One thing is certain. Ramaphosa comes across as quite comfortable in his skin. He also seems accessible, quick to see a joke and even laugh at himself in front of others. He doesn't seem to take himself too seriously.

He has also, on numerous occasions, shown that he can tell jokes in that down-to-earth 'son-of-the-soil' way that can make both a person in the street and one in the boardroom genuinely laugh with him. All of these are rare qualities in a leader.

But I shouldn't get ahead of myself here, because several people have already pointed out that Ramaphosa's down-to-earth style is not much different from Zuma's. They argue that Zuma too knew how to crack a joke and laugh like he was being paid to do so. They reminded me that many people also loved Zuma in the beginning because he wasn't Thabo Mbeki. He too was accessible and very sociable.

And, unlike Mbeki, who had been accused by many of consulting only with a very restricted kitchen Cabinet, Zuma was more collegial in his approach and allowed representatives of the tri-partite alliance - hitherto alienated by Mbeki - a say and influence in his decision-making.

That is how what used to be described as 'the coalition of the wounded' – comprising the SACP, Cosatu and the Malema-led ANC Youth League - coalesced around him after Mbeki fired him as Deputy President and made sure he became the next president.

The unreadable Ramaphosa

So, who is Cyril Ramaphosa? What goes on in his mind when he looks at people like Bathabile Dlamini, Nomvula Mokonyane, Malusi Gigaba, Gwede Mantashe, and now, more recently, Nhlanhla Nene?

What about Ace Magashule, Jessie Duarte, and David Mabuza? Does he sit alone and think of ways to make decisions that would be good for South Africa but bad for these people without involving them?
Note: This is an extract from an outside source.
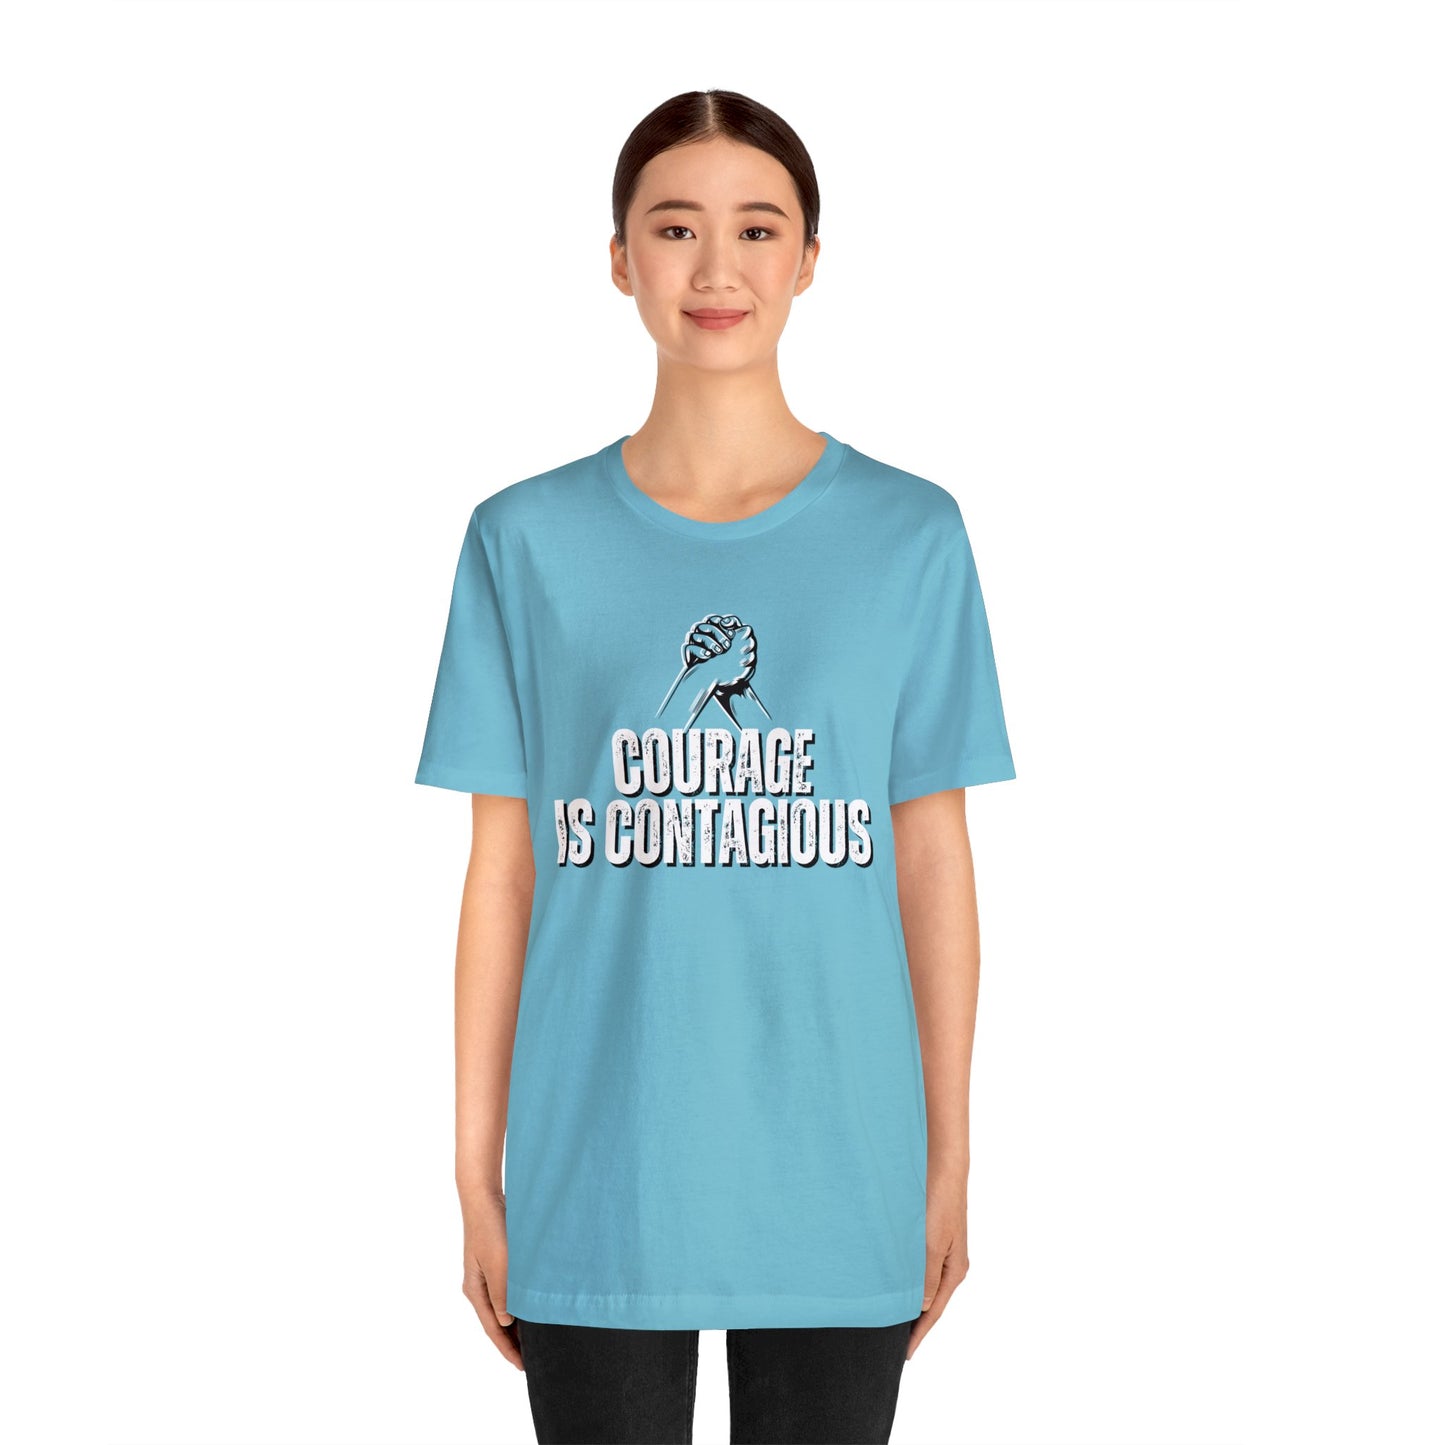 INSPIRED Women Courage Is Contagious Jersey Short Sleeve Tee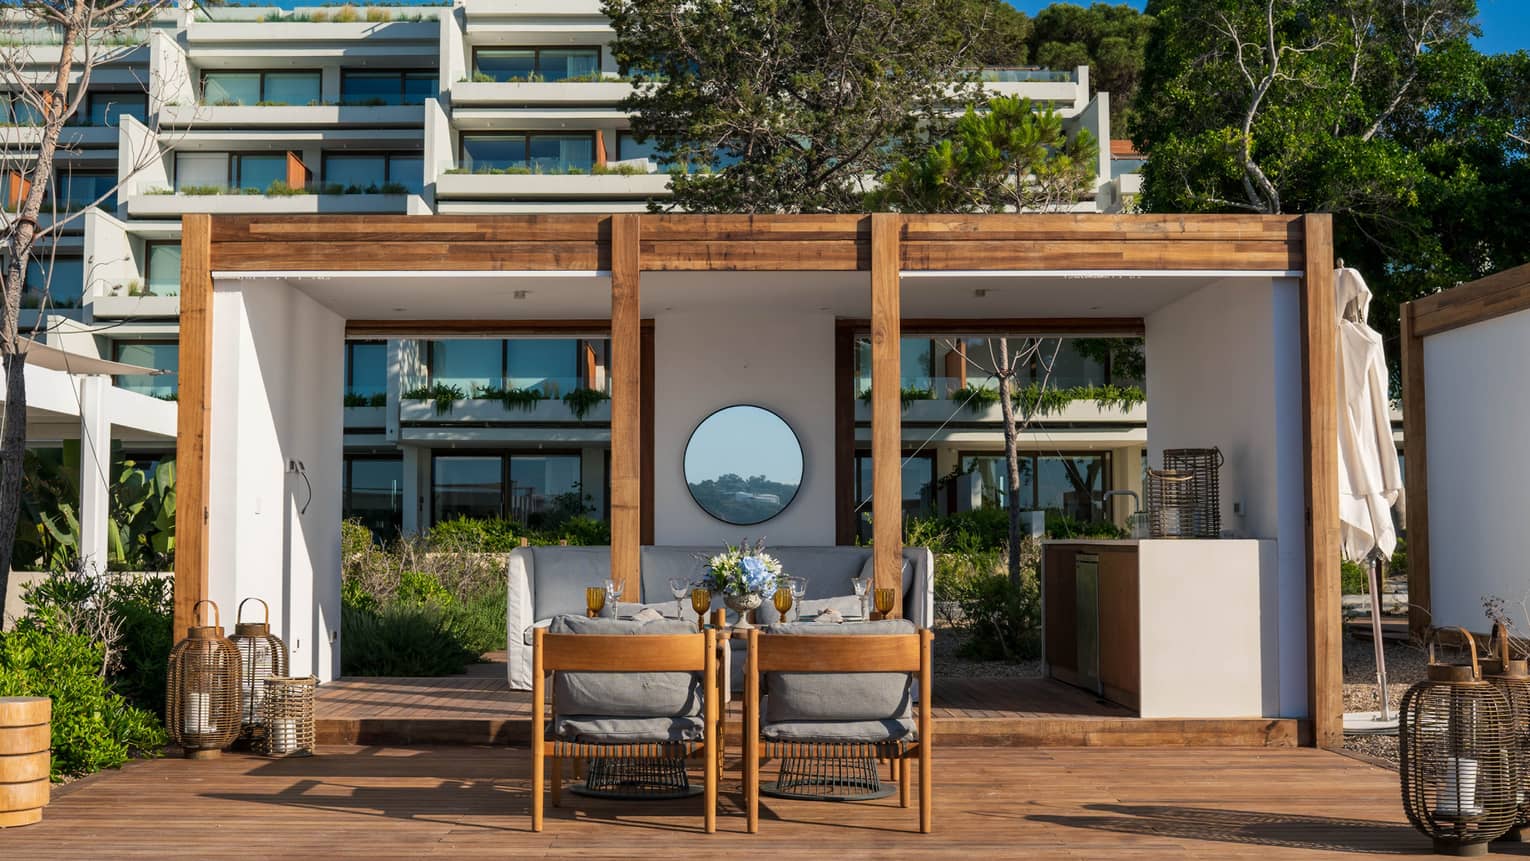 A pristine white cabana with wood accents frames a patio dining area in front of hotel balconies laden with greenery.

Where do country presidential decision-making processes start and when do ANC party presidential decisions processes stop?

With whom must Ramaphosa consult before appointing a permanent National Director of Public Prosecutions, as instructed by the courts of our land in late 2019?

What will inform such a decision when it finally gets announced, assuming that it has already been made?

Would it be one informed by country presidential responsibilities, or service to the party?  Will this be the "Ace" (pun intended) that will finally help him show his commitment to clean governance and the restoration of lost credibility to our country's institutions or one that will demonstrate to South Africans that the dizzying political joy-ride is far from over?

Finally, when the discredited ministers finally leave – not just Nhlanhla Nene – will Ramaphosa look for credible, educated, ethical, and experienced replacements in the broader, racially diverse, South African talent pool, or will he continue the mad tradition of recycling tired and overused comrades who ceased long ago to have new ideas to contribute?

Who, really, is Cyril Ramaphosa?      

* Solly Moeng is brand reputation management adviser and CEO of strategic corporate communications consultancy DonValley Reputation Managers. Views expressed are his own.